■ AIM OF THE EXERCISE
Since pictures are not part of the copy, please output only the lines from the one with "As pictured with shade, the lamp measures 9.0" through the end of the data below, exactly as written.

■ GIVEN INFORMATION
▬▬▬▬▬▬
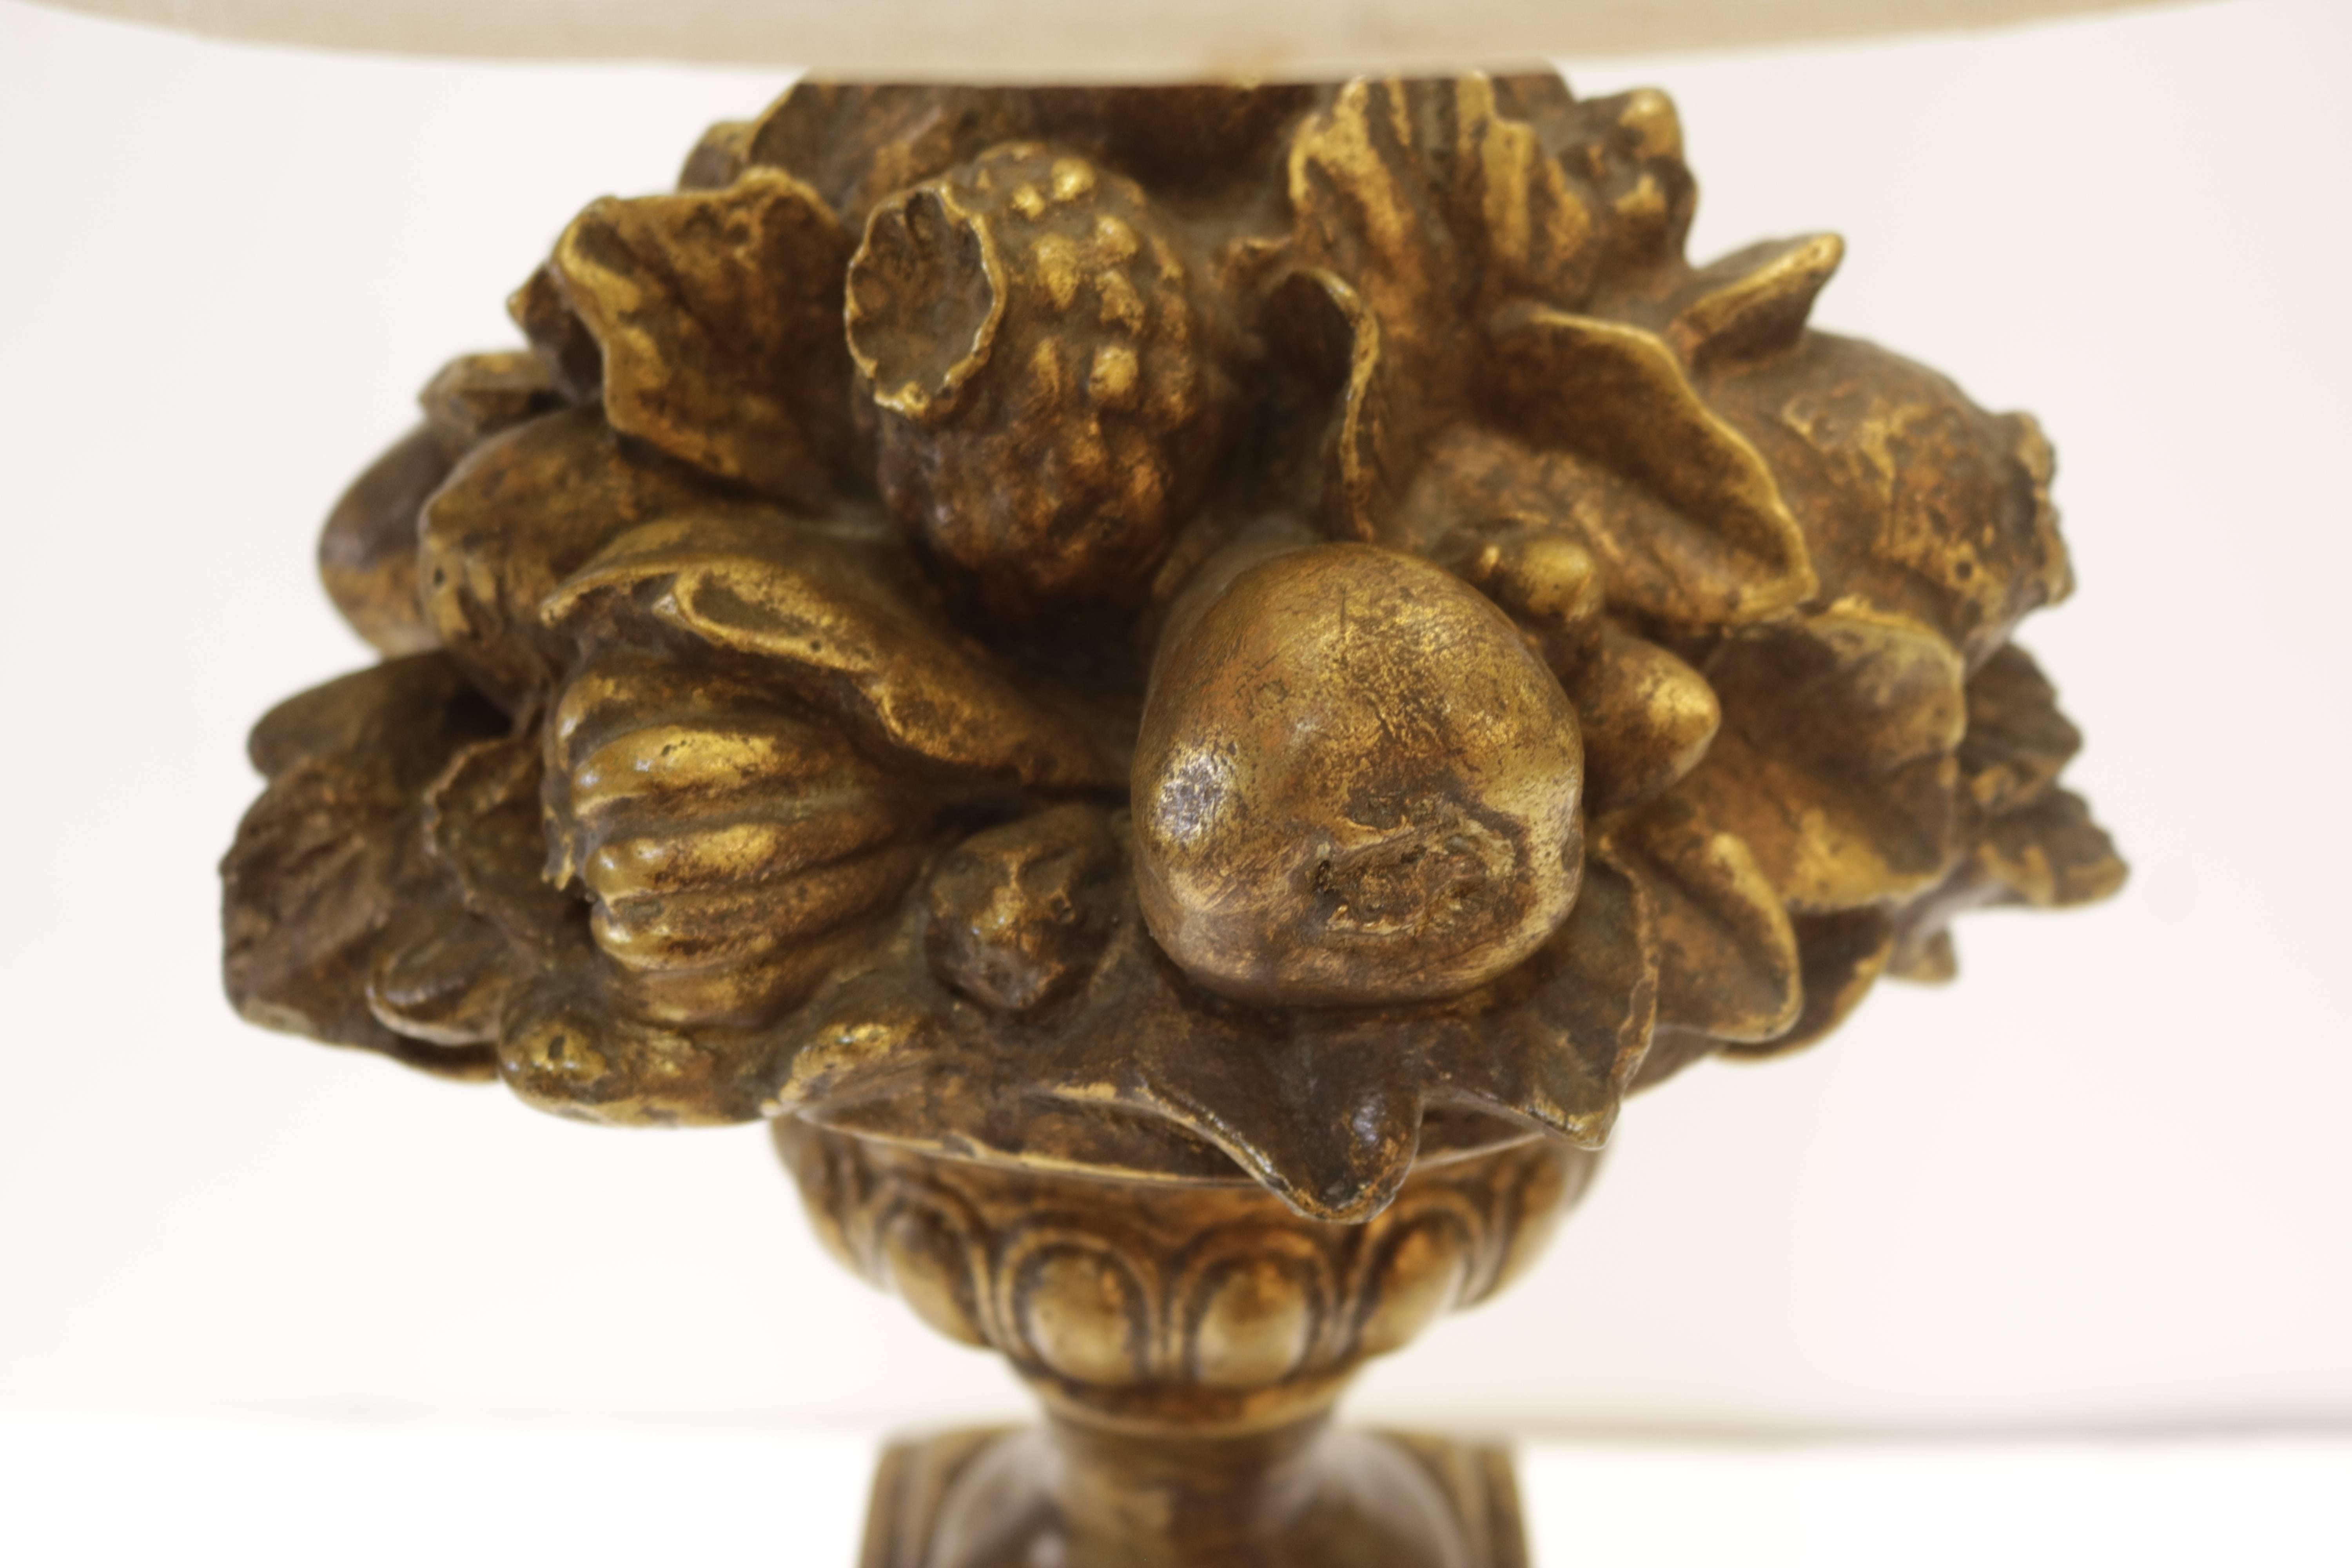 Slim original gilded wood table lamp has various fruits and flowers carved and retains its original off-white silk shade which is in excellent condition.

As pictured with shade, the lamp measures 9.0
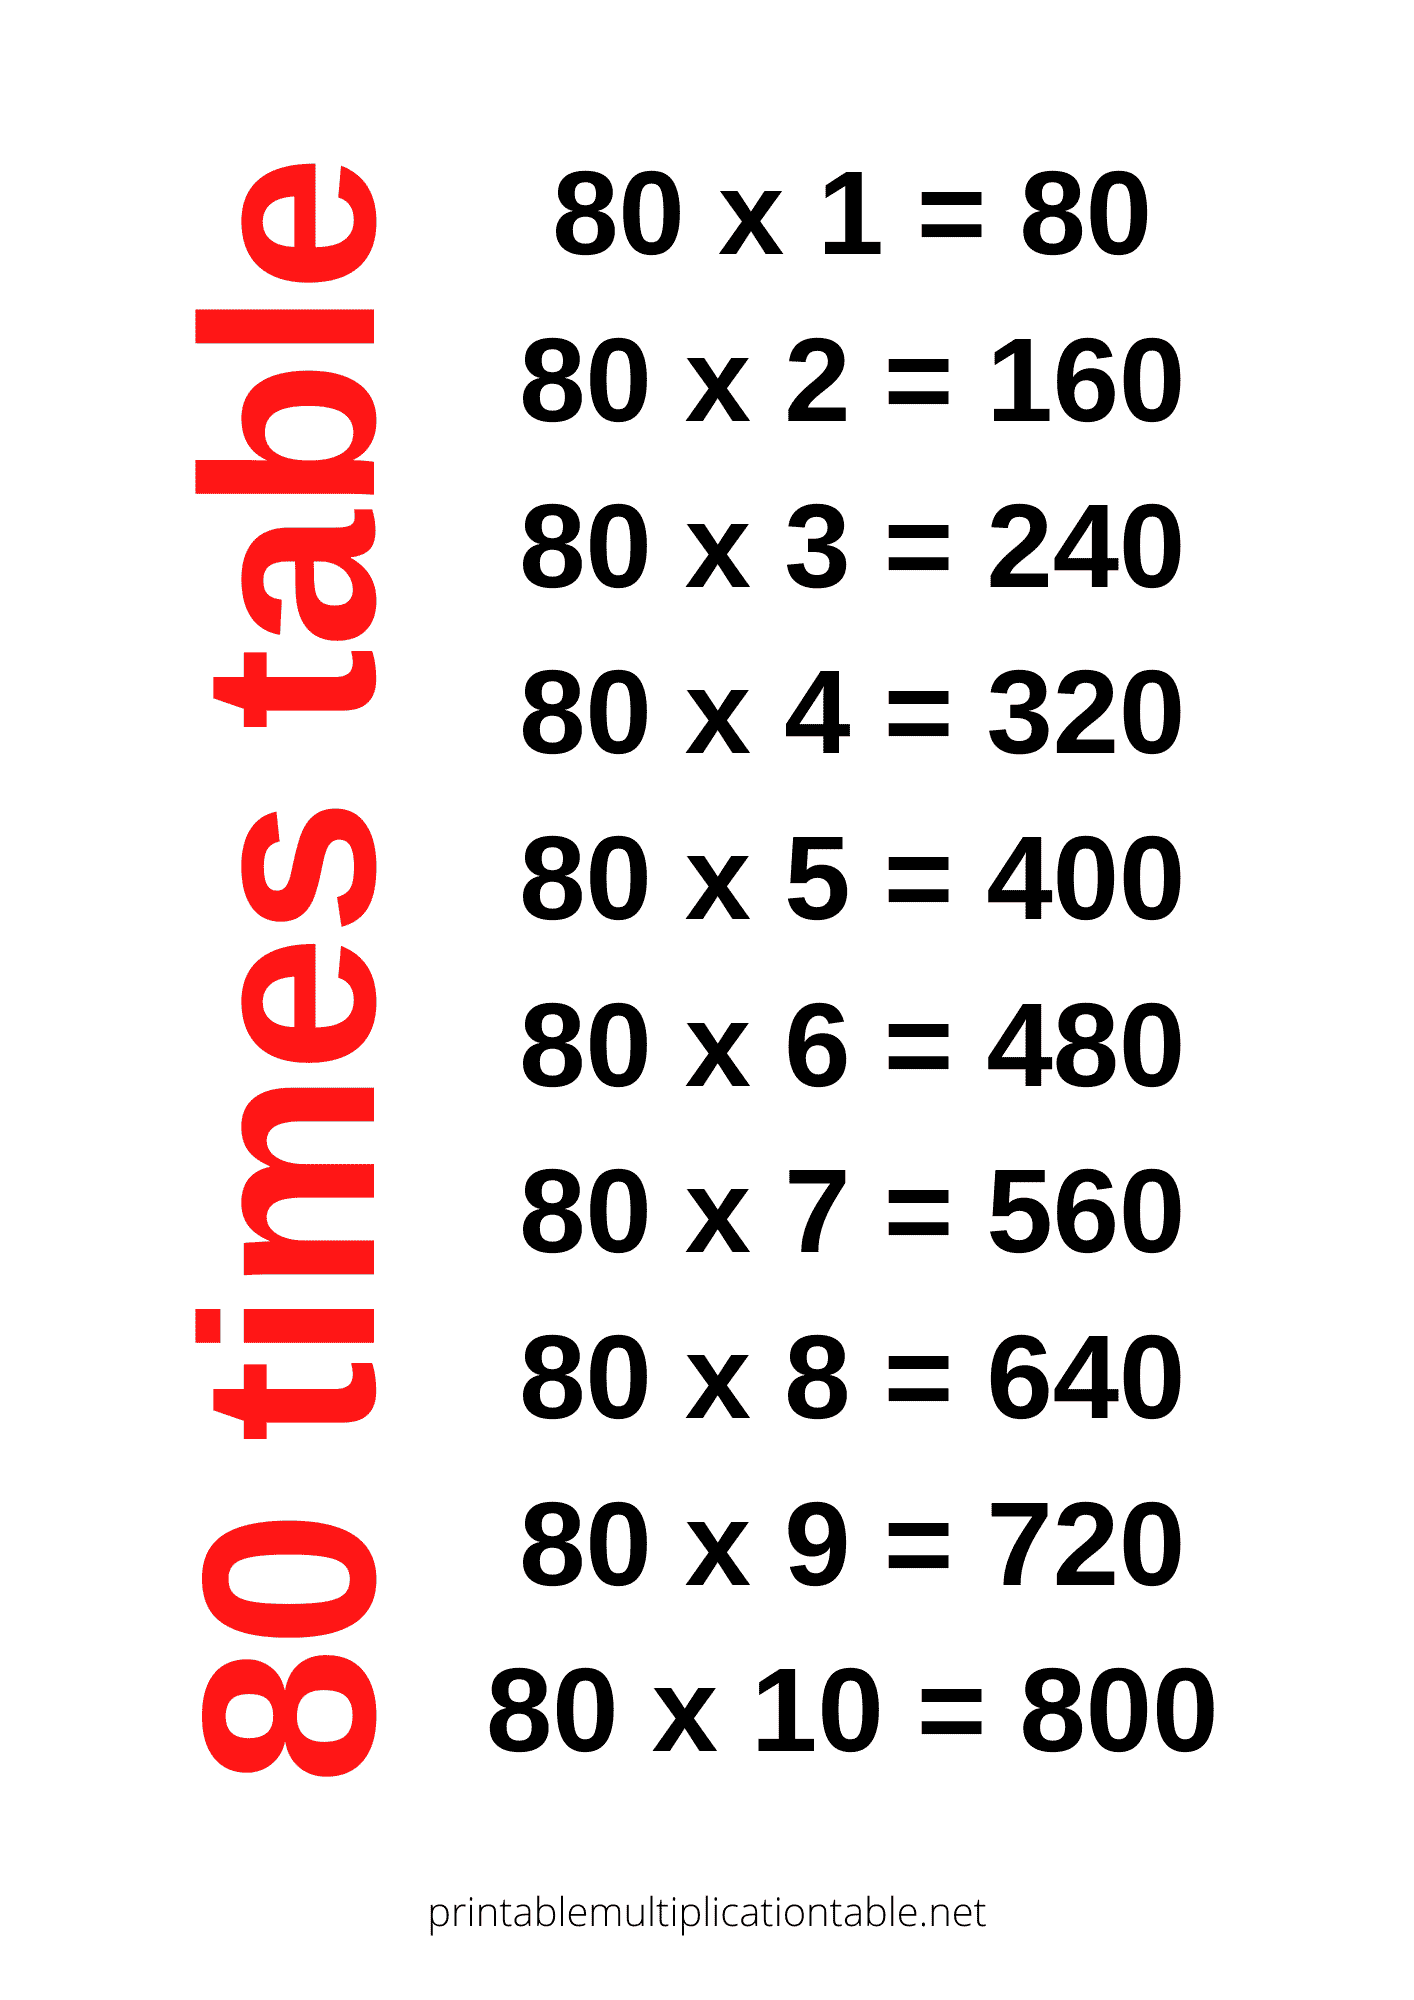 80 times table chart
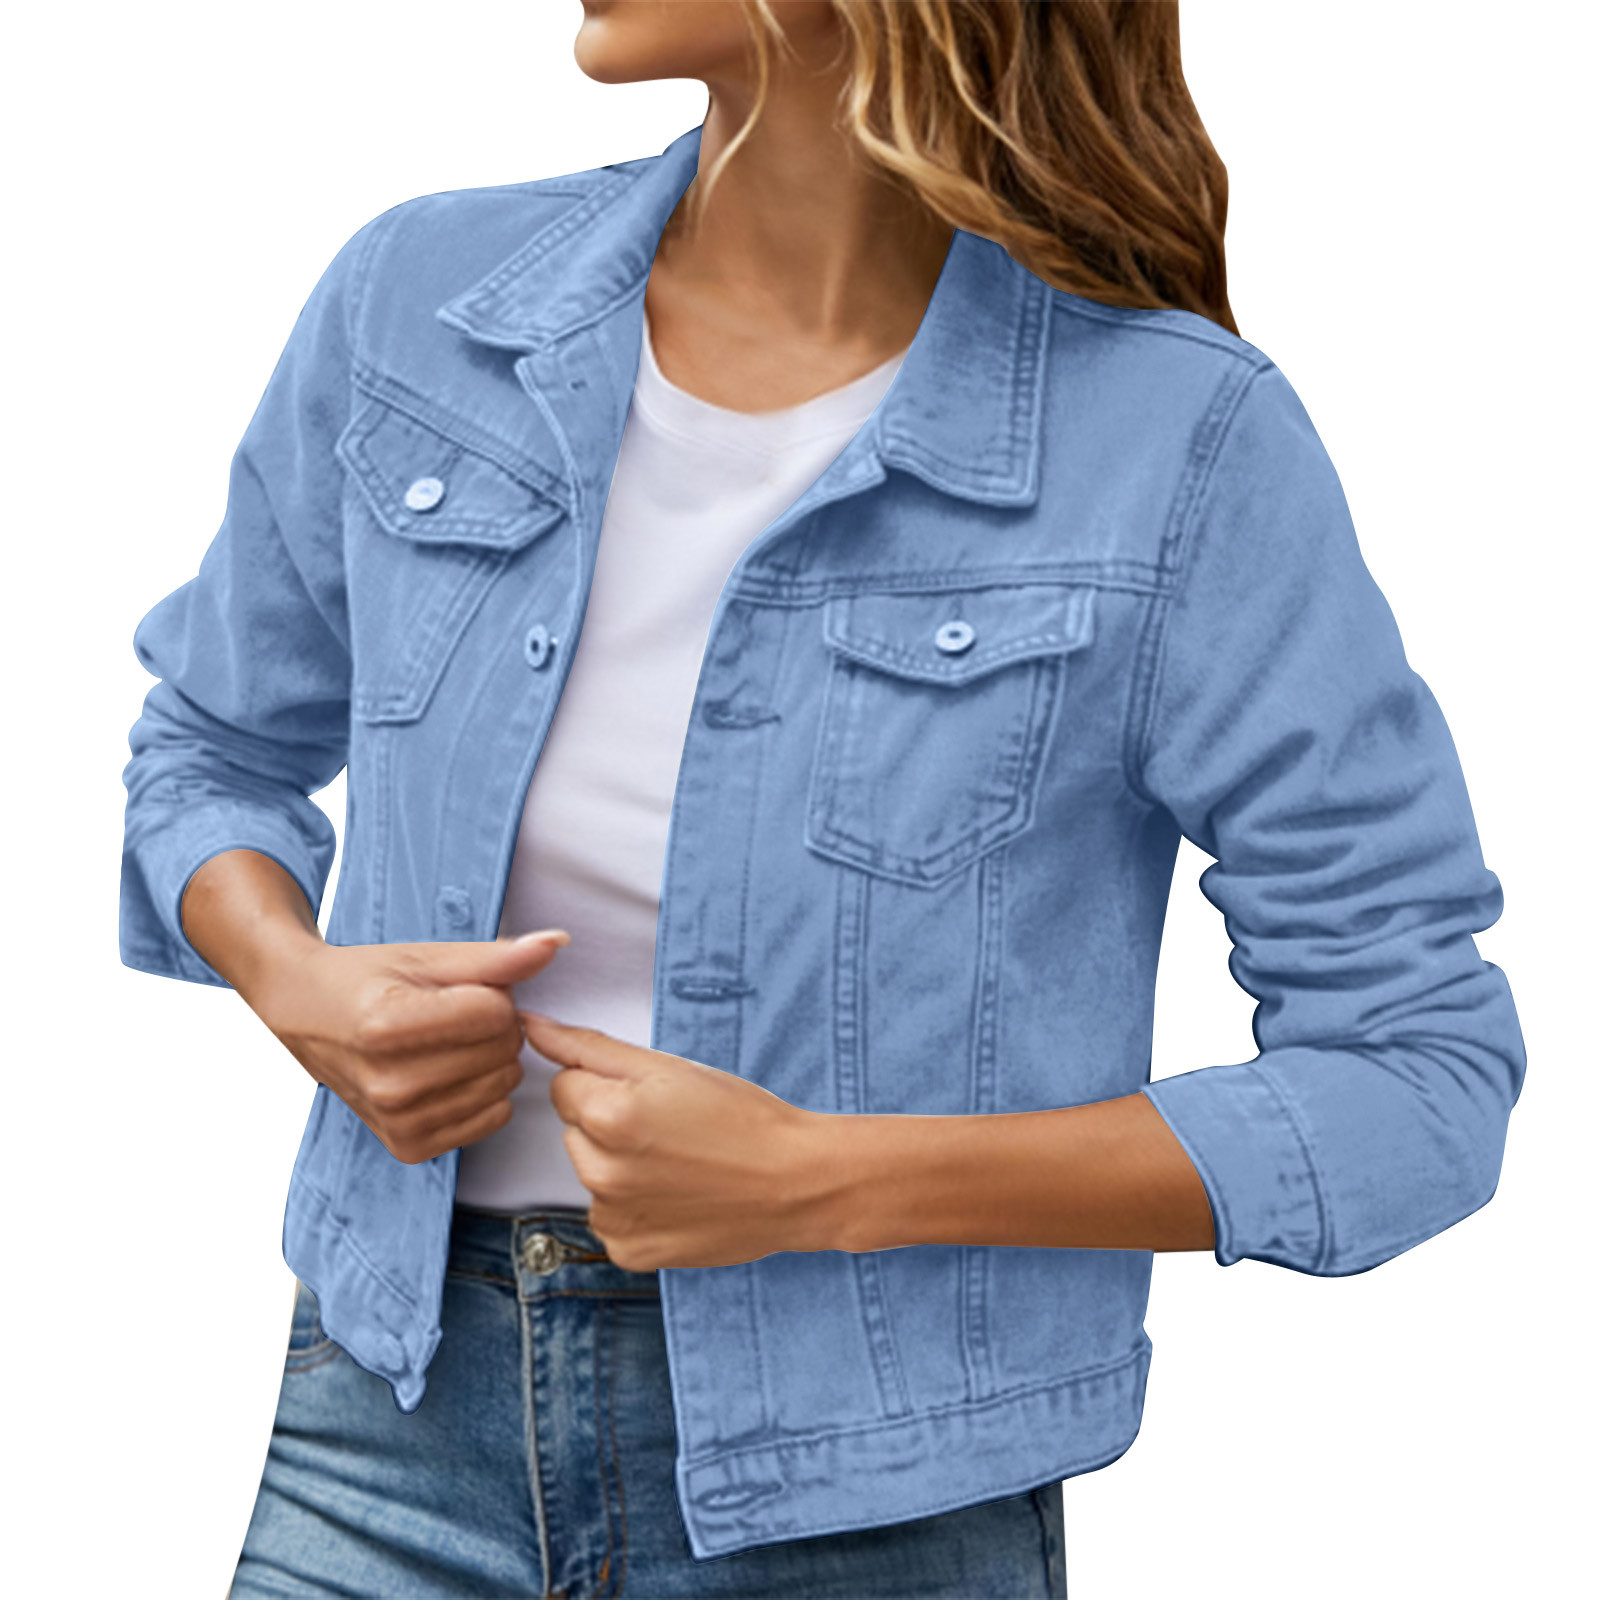 iOPQO womens sweaters Women's Basic Solid Color Button Down Denim Cotton Jacket With Pockets Denim Jacket Coat Women's Denim Jackets Blue XL - image 3 of 8
▬▬▬▬▬▬
■ ANSWER SPACE
As pictured with shade, the lamp measures 9.0
 80 times table chart
 iOPQO womens sweaters Women's Basic Solid Color Button Down Denim Cotton Jacket With Pockets Denim Jacket Coat Women's Denim Jackets Blue XL - image 3 of 8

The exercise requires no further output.